> _COLLECTED MATERIAL_:
|---|

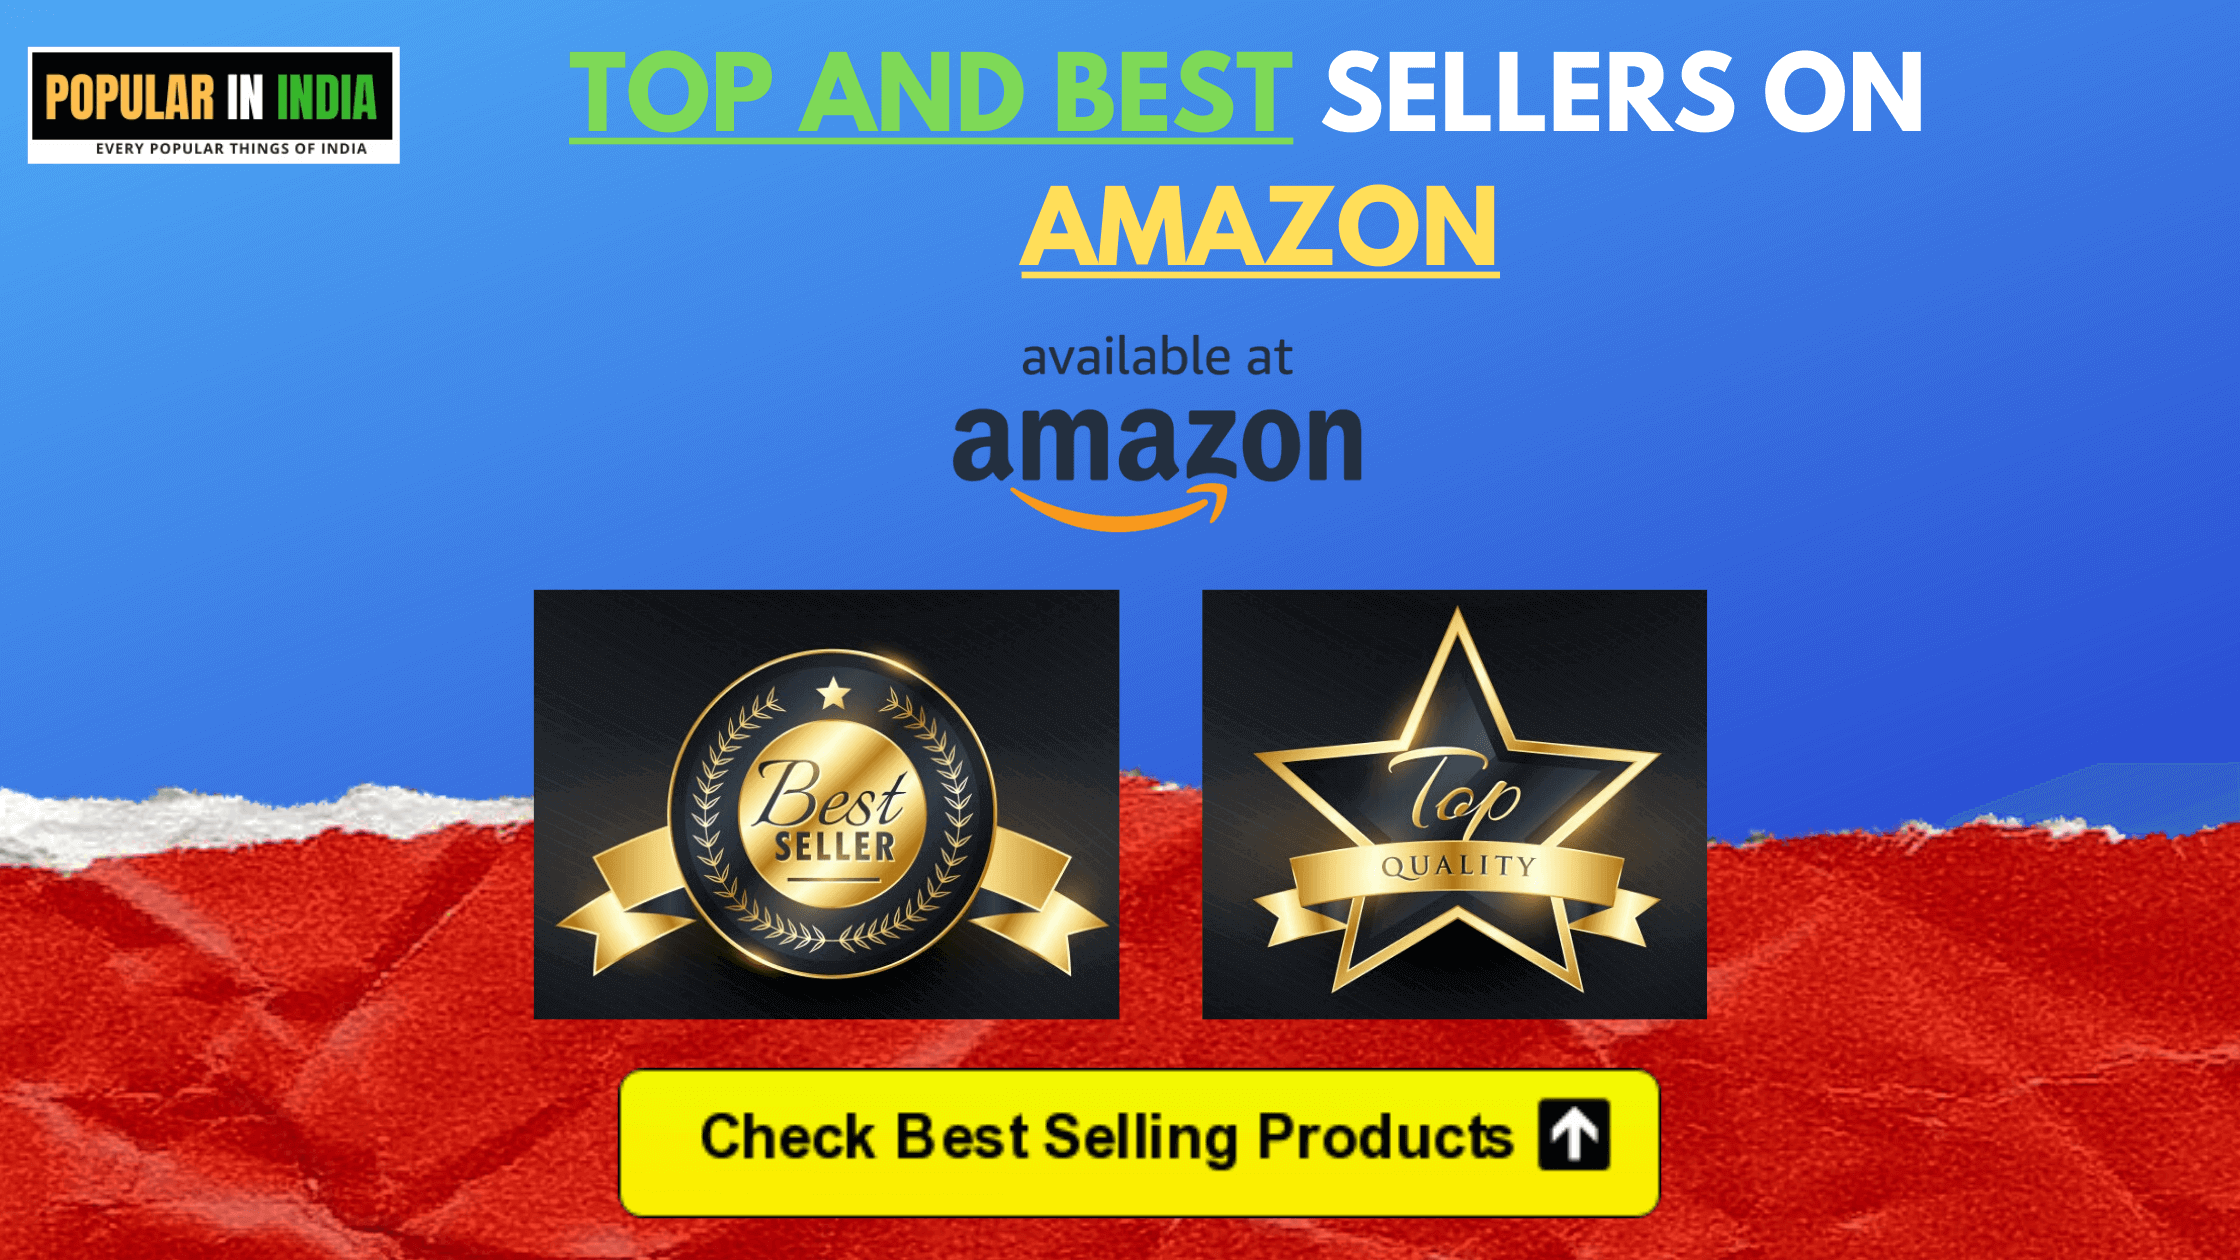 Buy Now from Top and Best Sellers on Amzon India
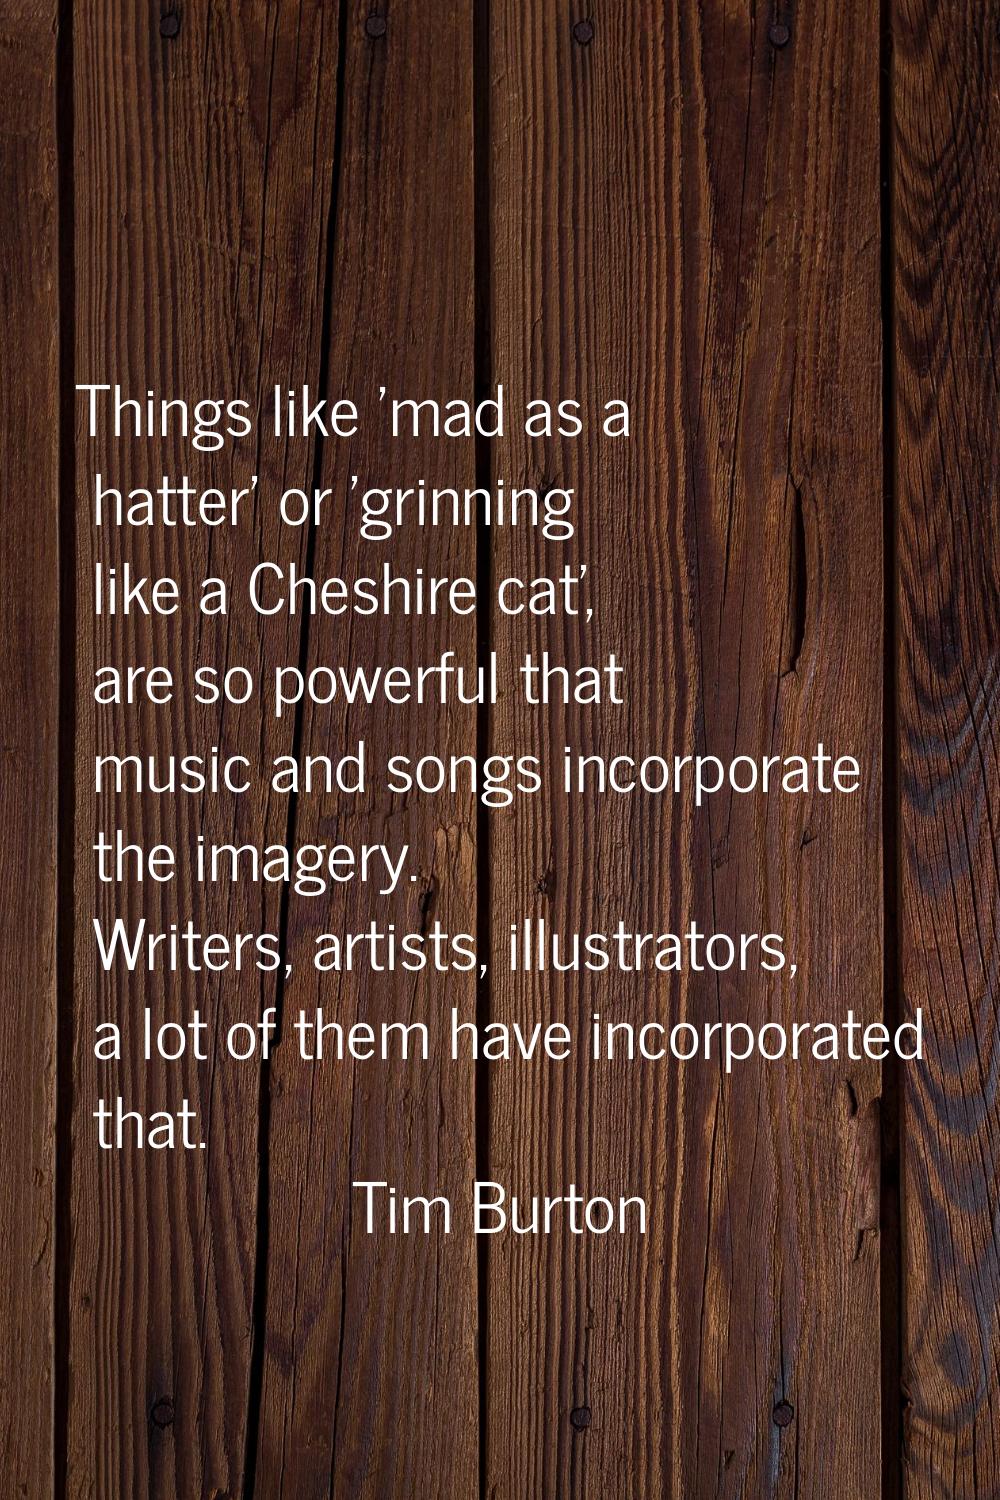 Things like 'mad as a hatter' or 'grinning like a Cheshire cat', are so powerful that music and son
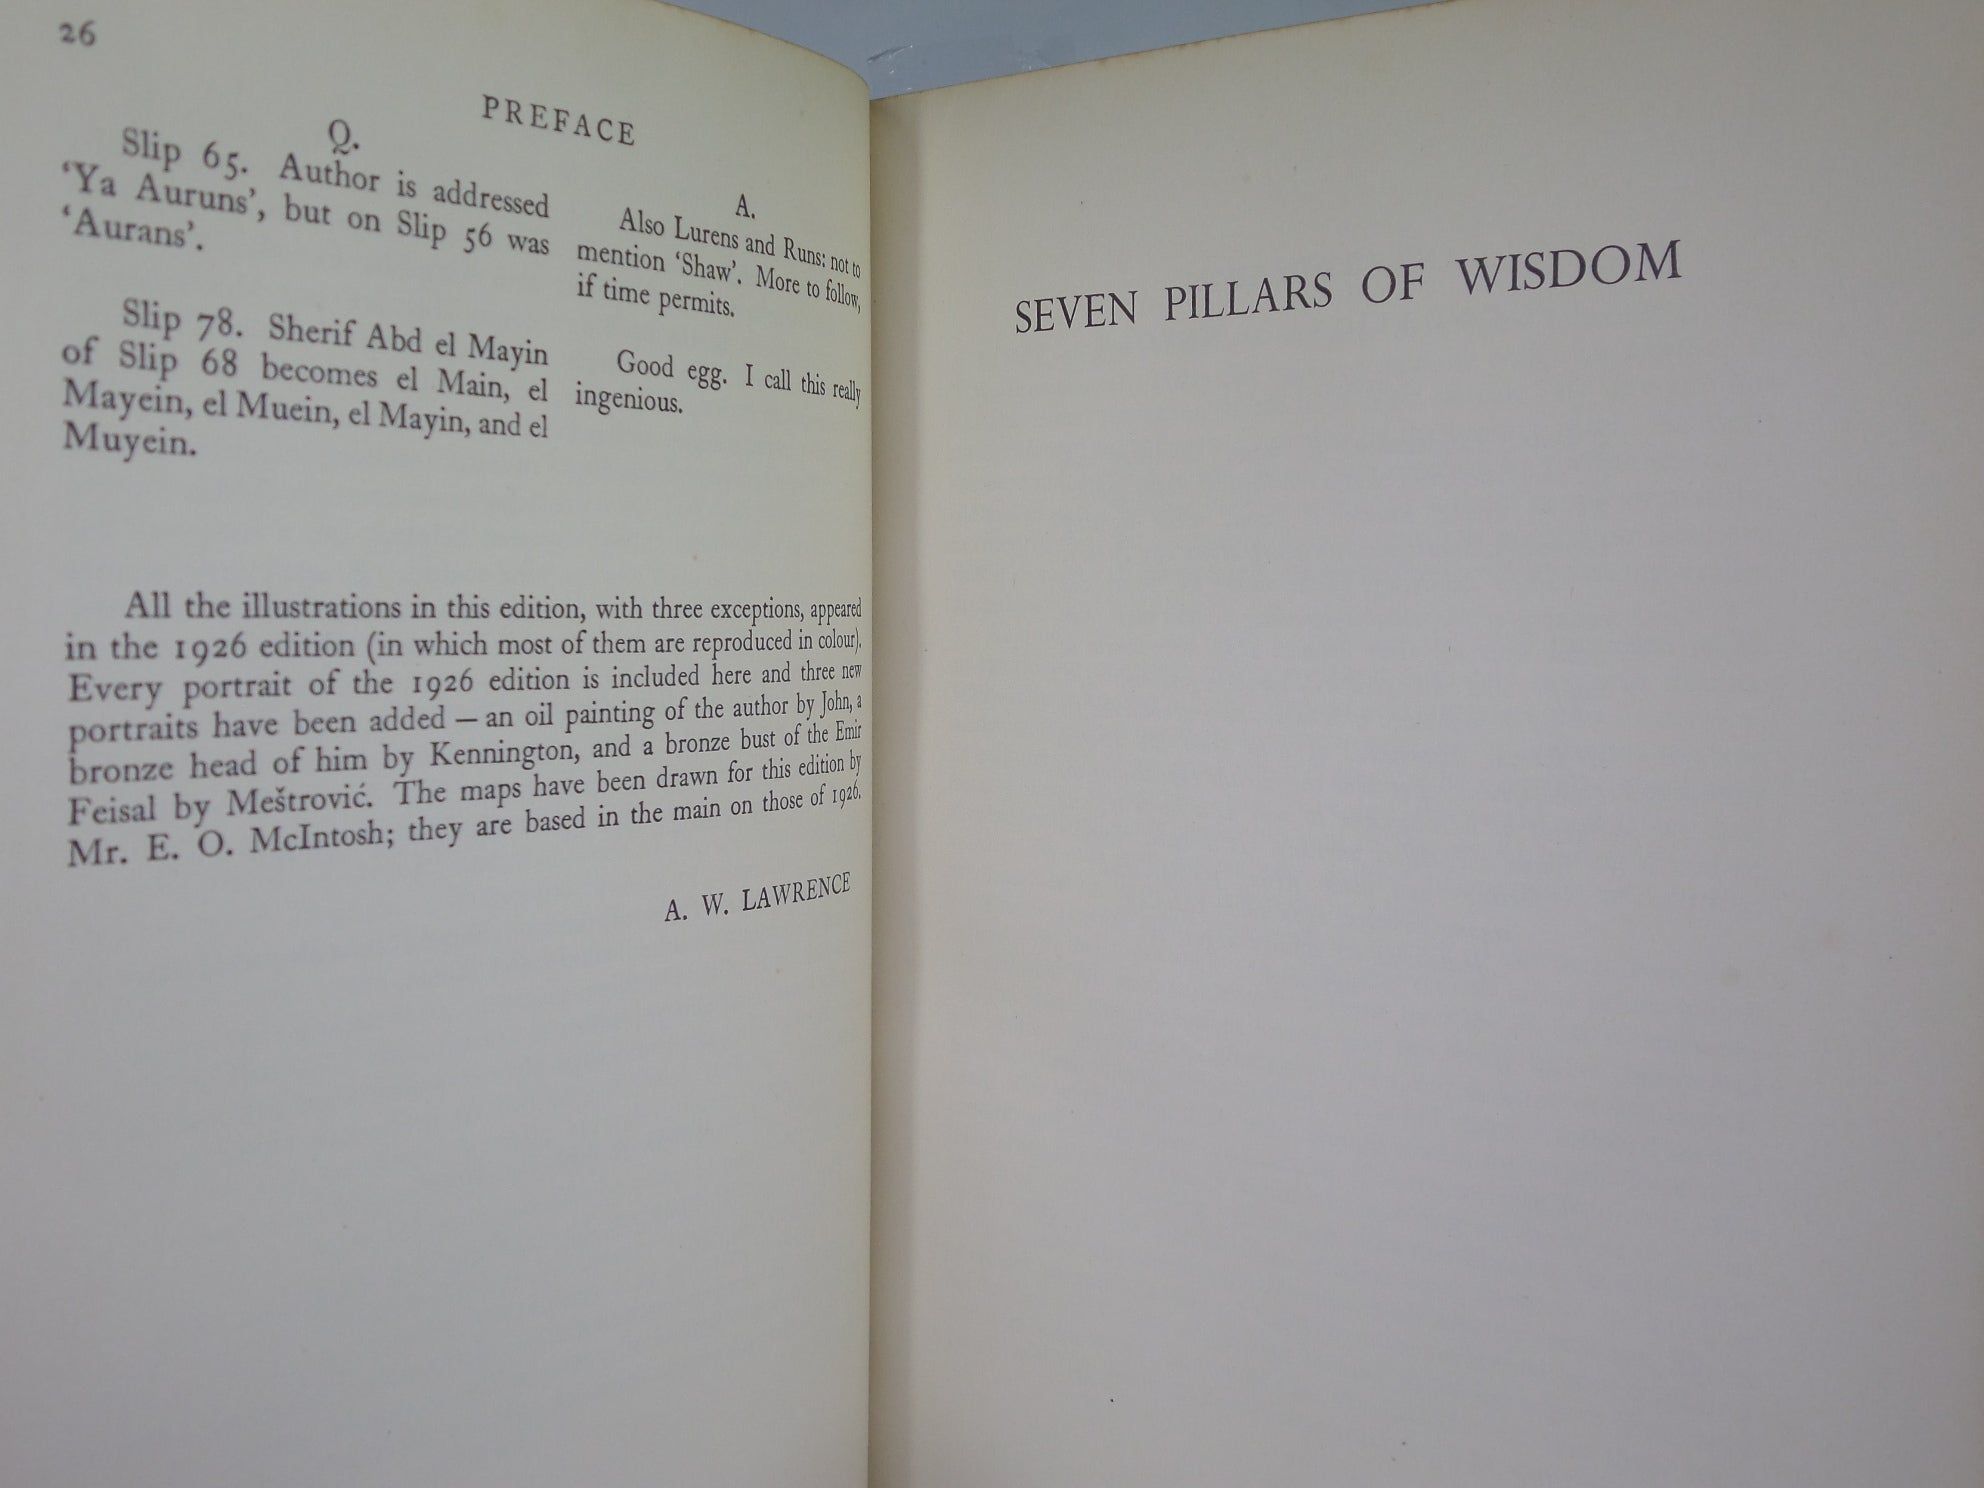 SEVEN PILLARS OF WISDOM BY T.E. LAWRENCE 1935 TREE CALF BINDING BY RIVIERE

|---|

> _REQUIRED WORK_:
Take the lines from the one holding "Things like 'mad" through the last line of the data above and copy them exactly, both ends included, omitting all pictures.

> _EXPECTED ANSWER_:
 Things like 'mad as a hatter' or 'grinning like a Cheshire cat', are so powerful that music and son
 SEVEN PILLARS OF WISDOM BY T.E. LAWRENCE 1935 TREE CALF BINDING BY RIVIERE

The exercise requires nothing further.